● Exercise goal
When you output the records, match them exactly and omit any picture they include.

● Source information

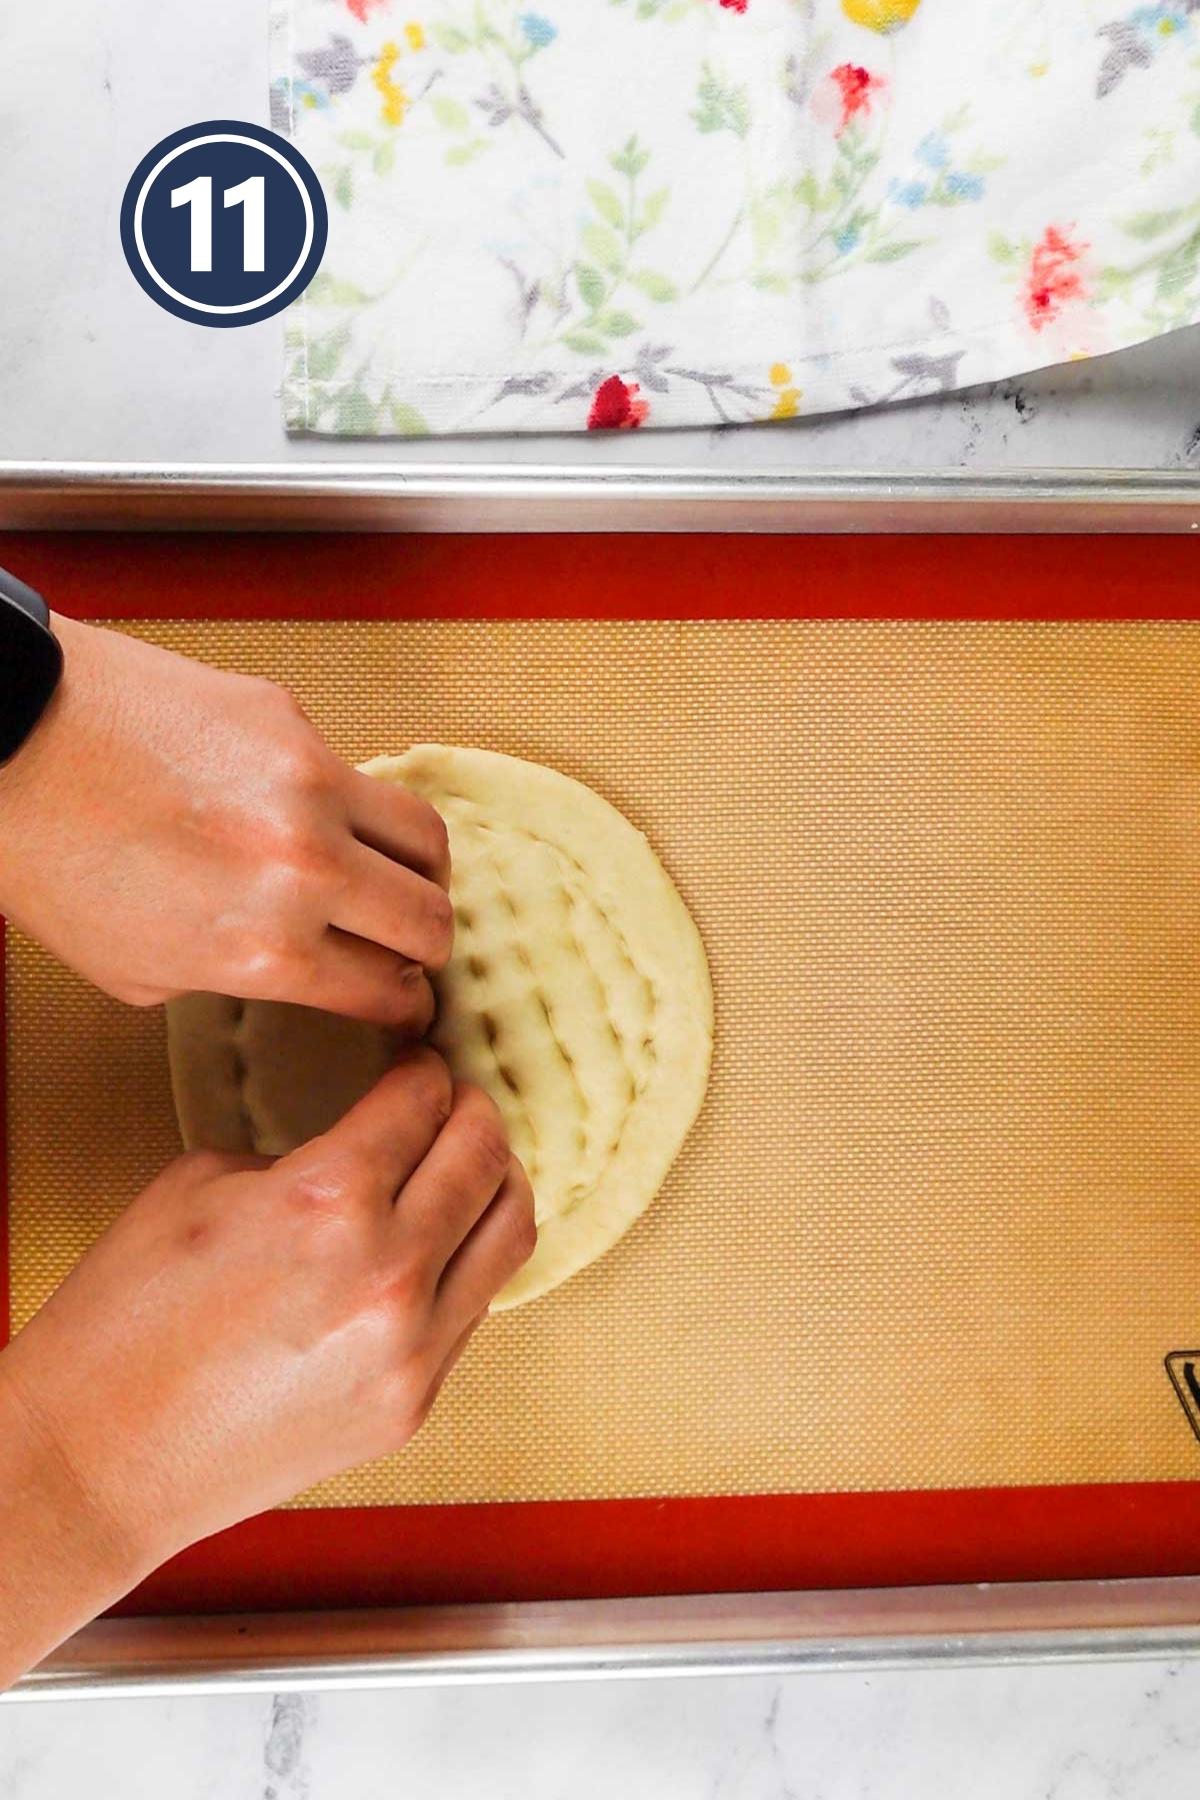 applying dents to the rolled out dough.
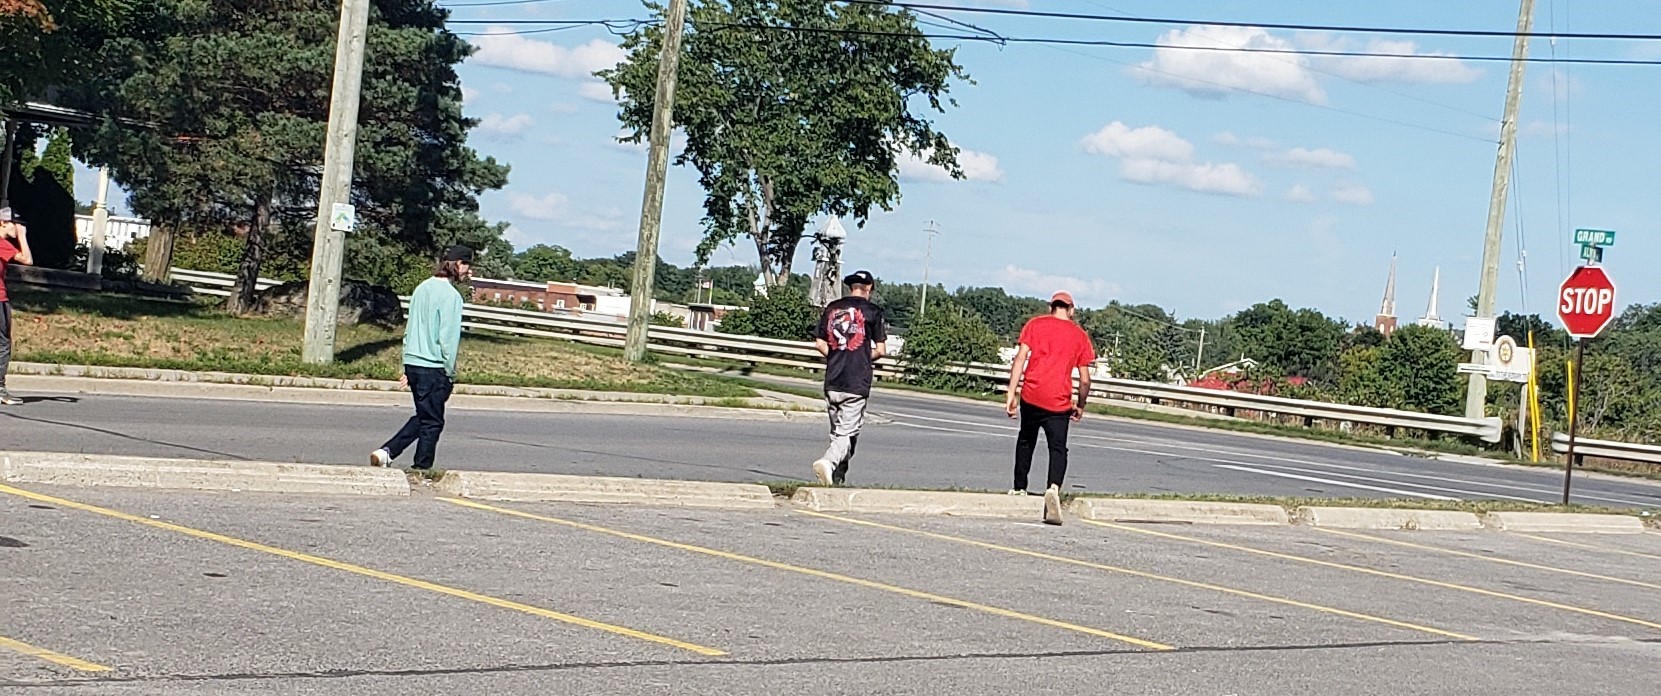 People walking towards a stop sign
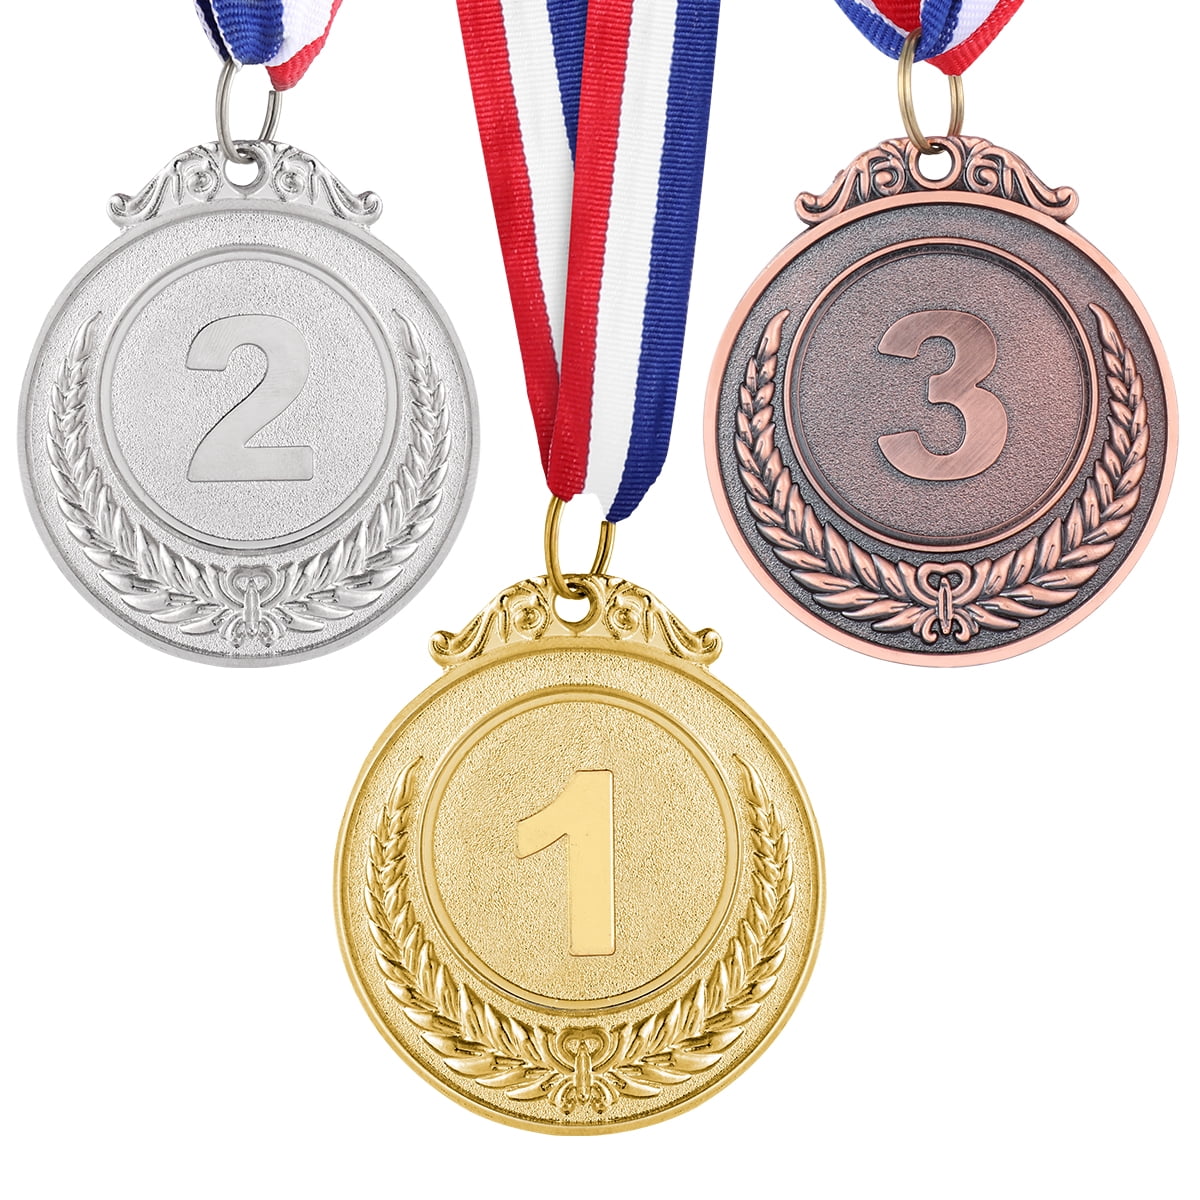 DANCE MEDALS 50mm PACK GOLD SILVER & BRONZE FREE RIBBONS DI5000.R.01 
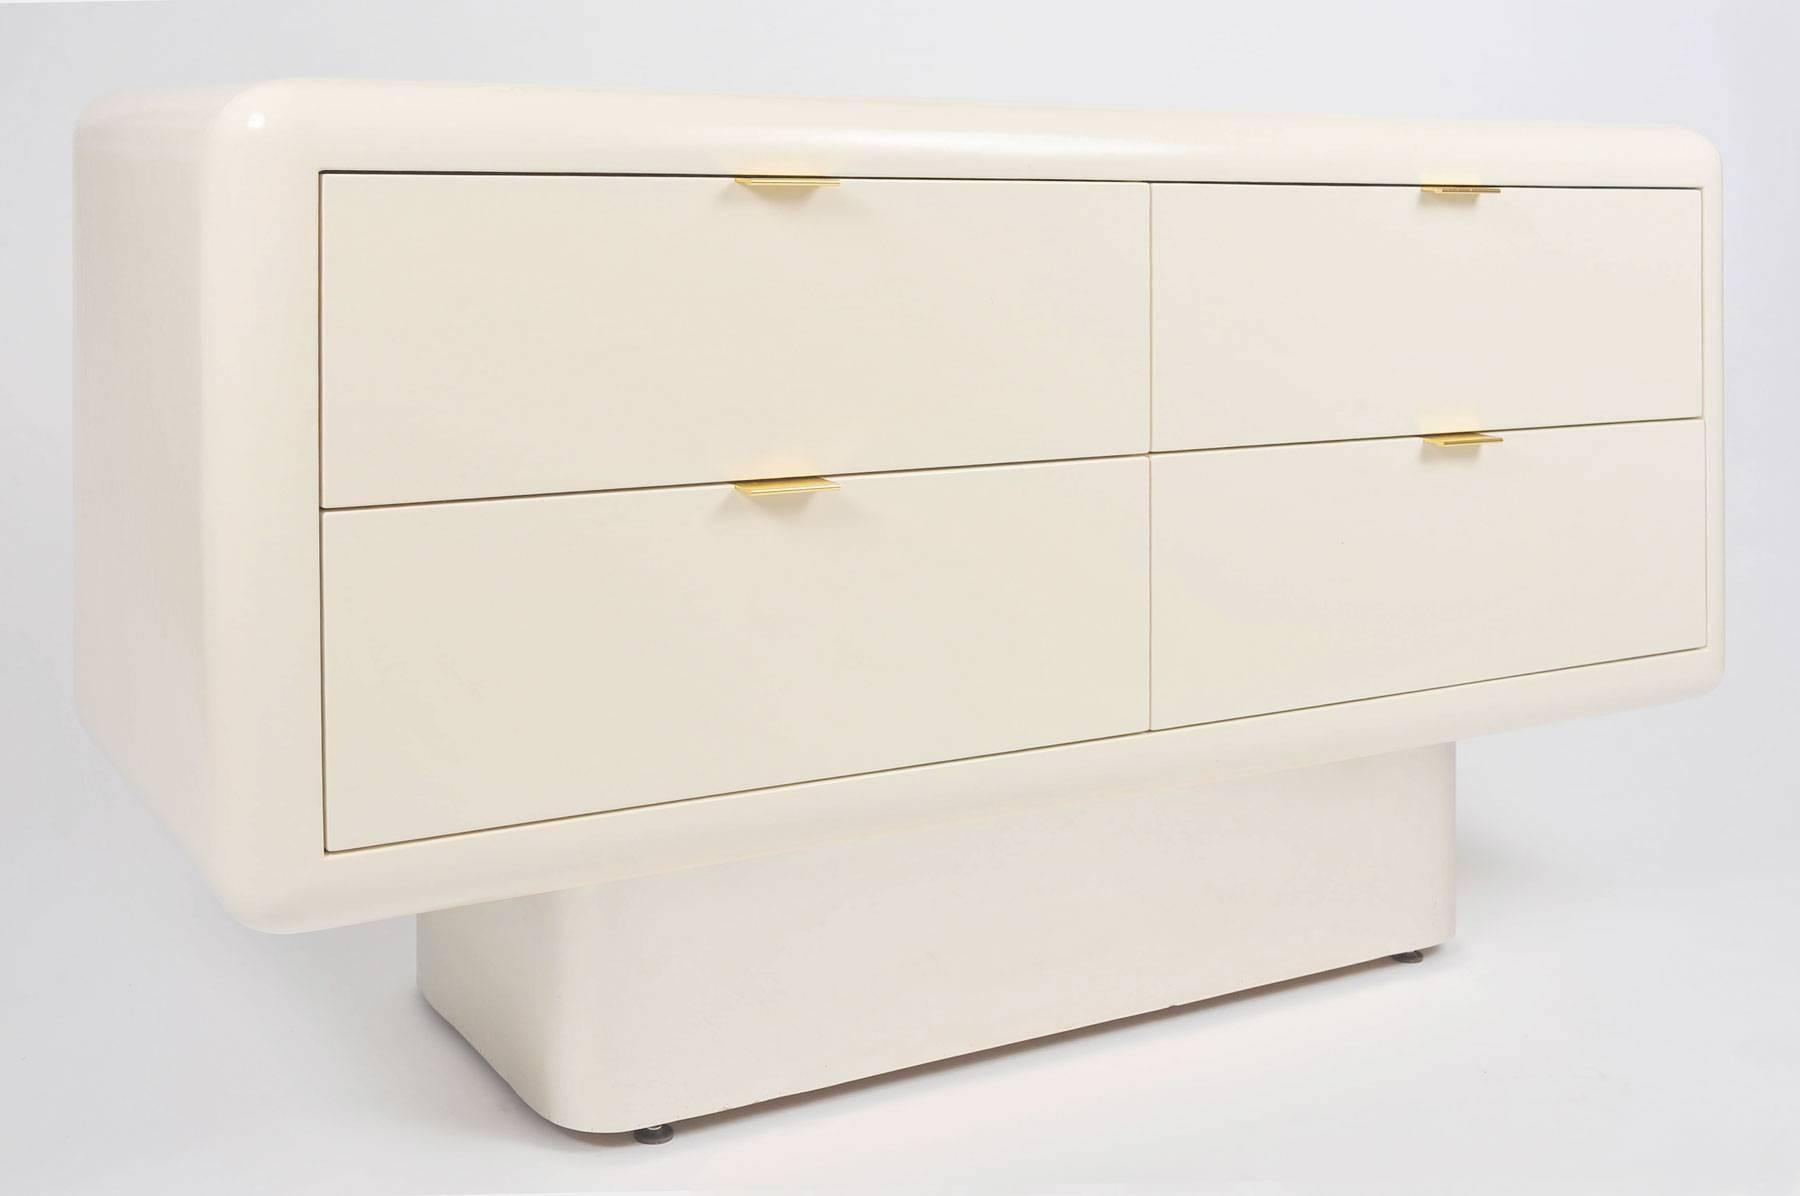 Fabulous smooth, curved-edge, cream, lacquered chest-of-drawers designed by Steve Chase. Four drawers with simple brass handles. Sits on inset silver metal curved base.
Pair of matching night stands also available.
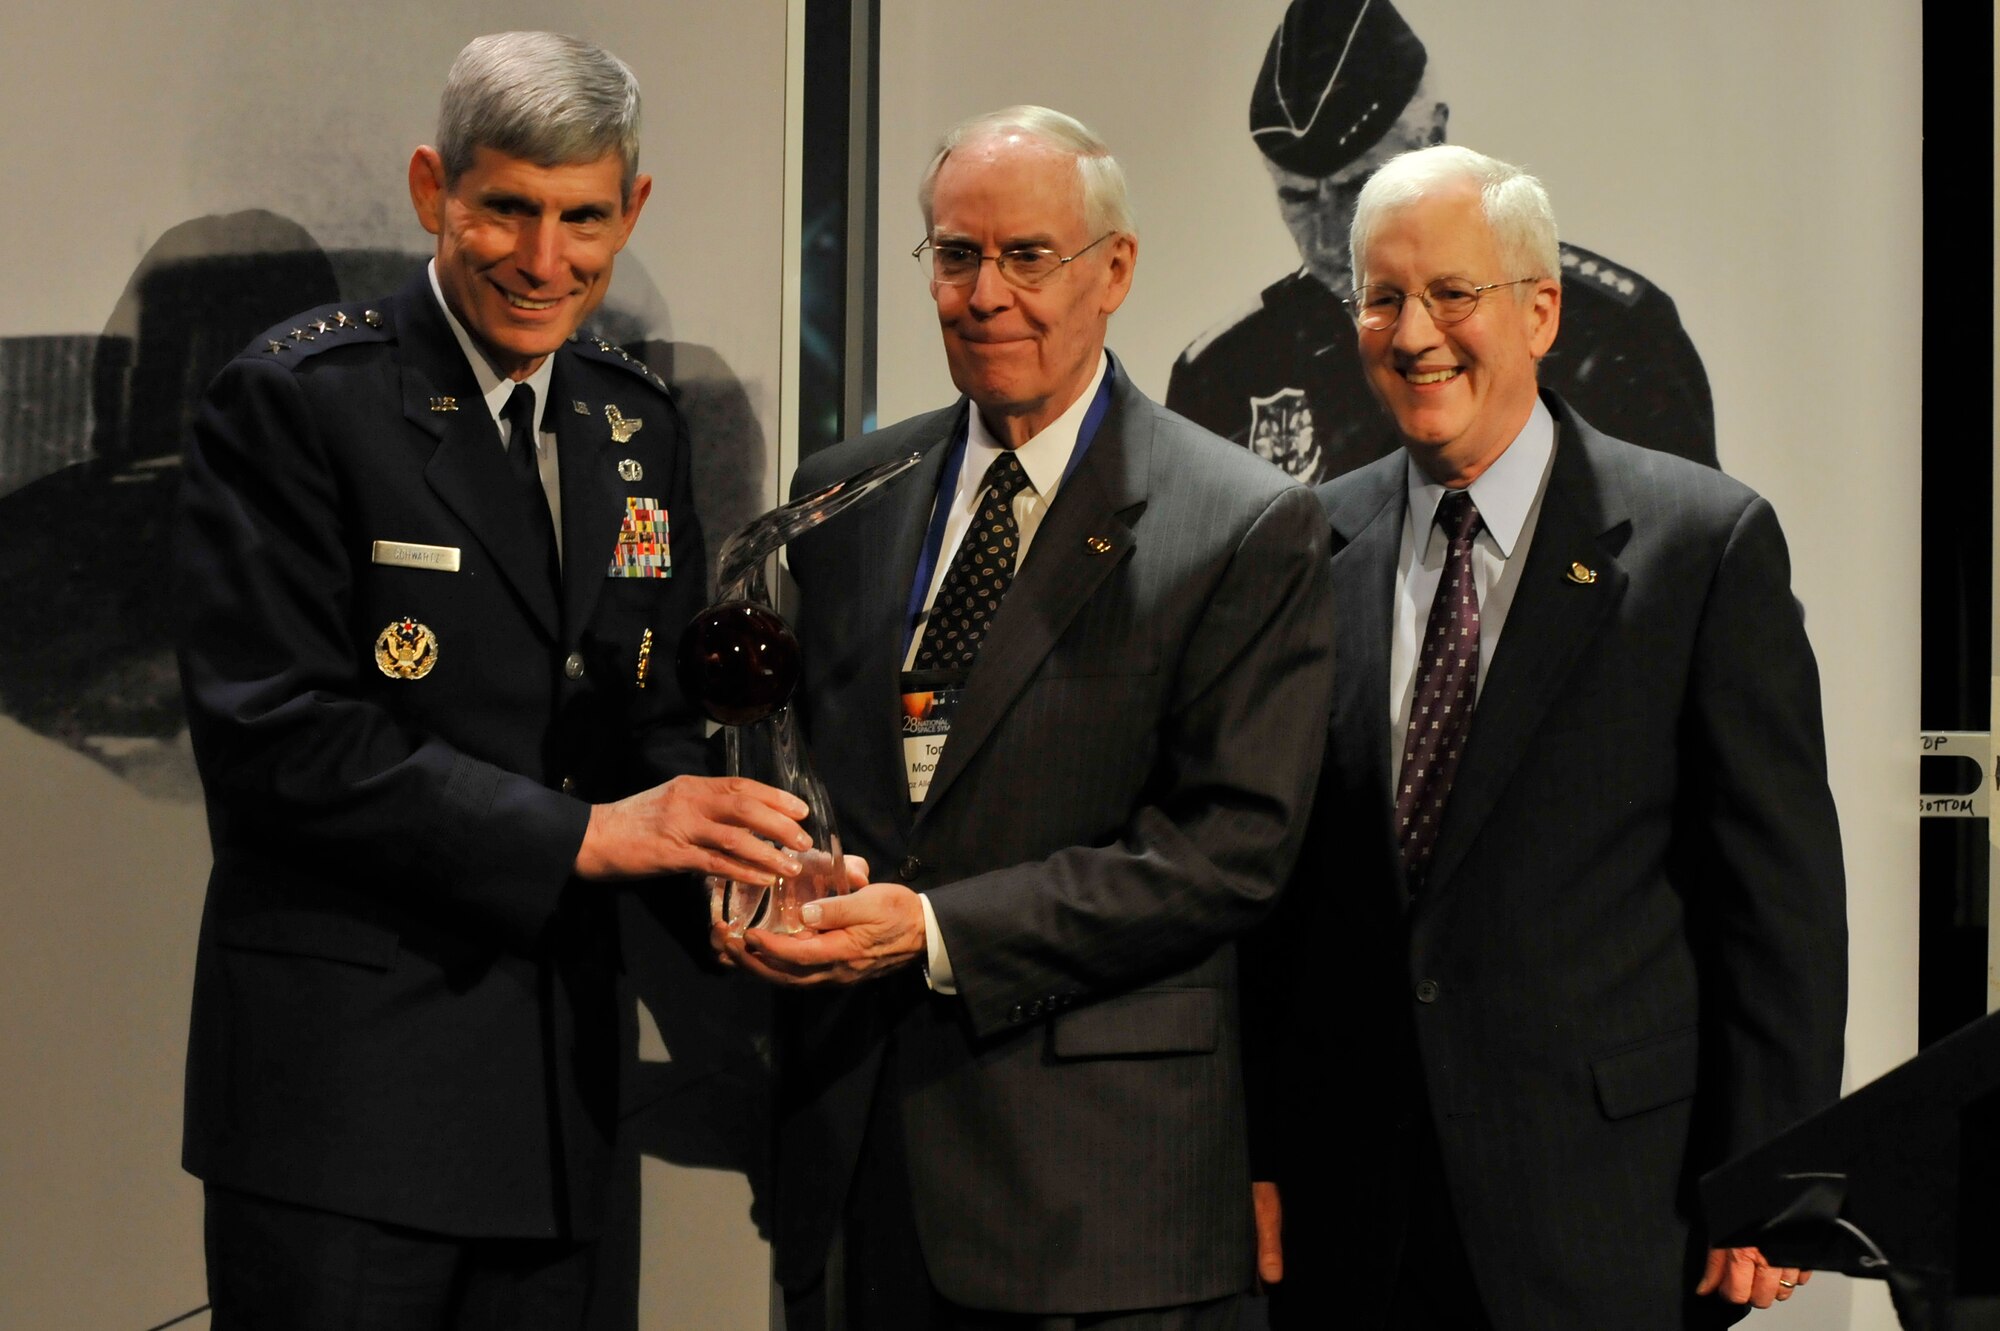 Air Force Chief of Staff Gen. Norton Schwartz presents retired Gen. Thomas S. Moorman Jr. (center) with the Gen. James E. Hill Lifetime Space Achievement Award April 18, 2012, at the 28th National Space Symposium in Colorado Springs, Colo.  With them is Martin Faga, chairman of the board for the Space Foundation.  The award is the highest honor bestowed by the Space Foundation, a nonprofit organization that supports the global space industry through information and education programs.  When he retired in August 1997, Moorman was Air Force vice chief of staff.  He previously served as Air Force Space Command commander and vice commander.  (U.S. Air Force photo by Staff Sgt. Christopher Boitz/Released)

● Response to the task
 applying dents to the rolled out dough.
 People walking towards a stop sign
 DANCE MEDALS 50mm PACK GOLD SILVER & BRONZE FREE RIBBONS DI5000.R.01 
 Fabulous smooth, curved-edge, cream, lacquered chest-of-drawers designed by Steve Chase. Four drawers with simple brass handles. Sits on inset silver metal curved base.
Pair of matching night stands also available.
 Air Force Chief of Staff Gen. Norton Schwartz presents retired Gen. Thomas S. Moorman Jr. (center) with the Gen. James E. Hill Lifetime Space Achievement Award April 18, 2012, at the 28th National Space Symposium in Colorado Springs, Colo.  With them is Martin Faga, chairman of the board for the Space Foundation.  The award is the highest honor bestowed by the Space Foundation, a nonprofit organization that supports the global space industry through information and education programs.  When he retired in August 1997, Moorman was Air Force vice chief of staff.  He previously served as Air Force Space Command commander and vice commander.  (U.S. Air Force photo by Staff Sgt. Christopher Boitz/Released)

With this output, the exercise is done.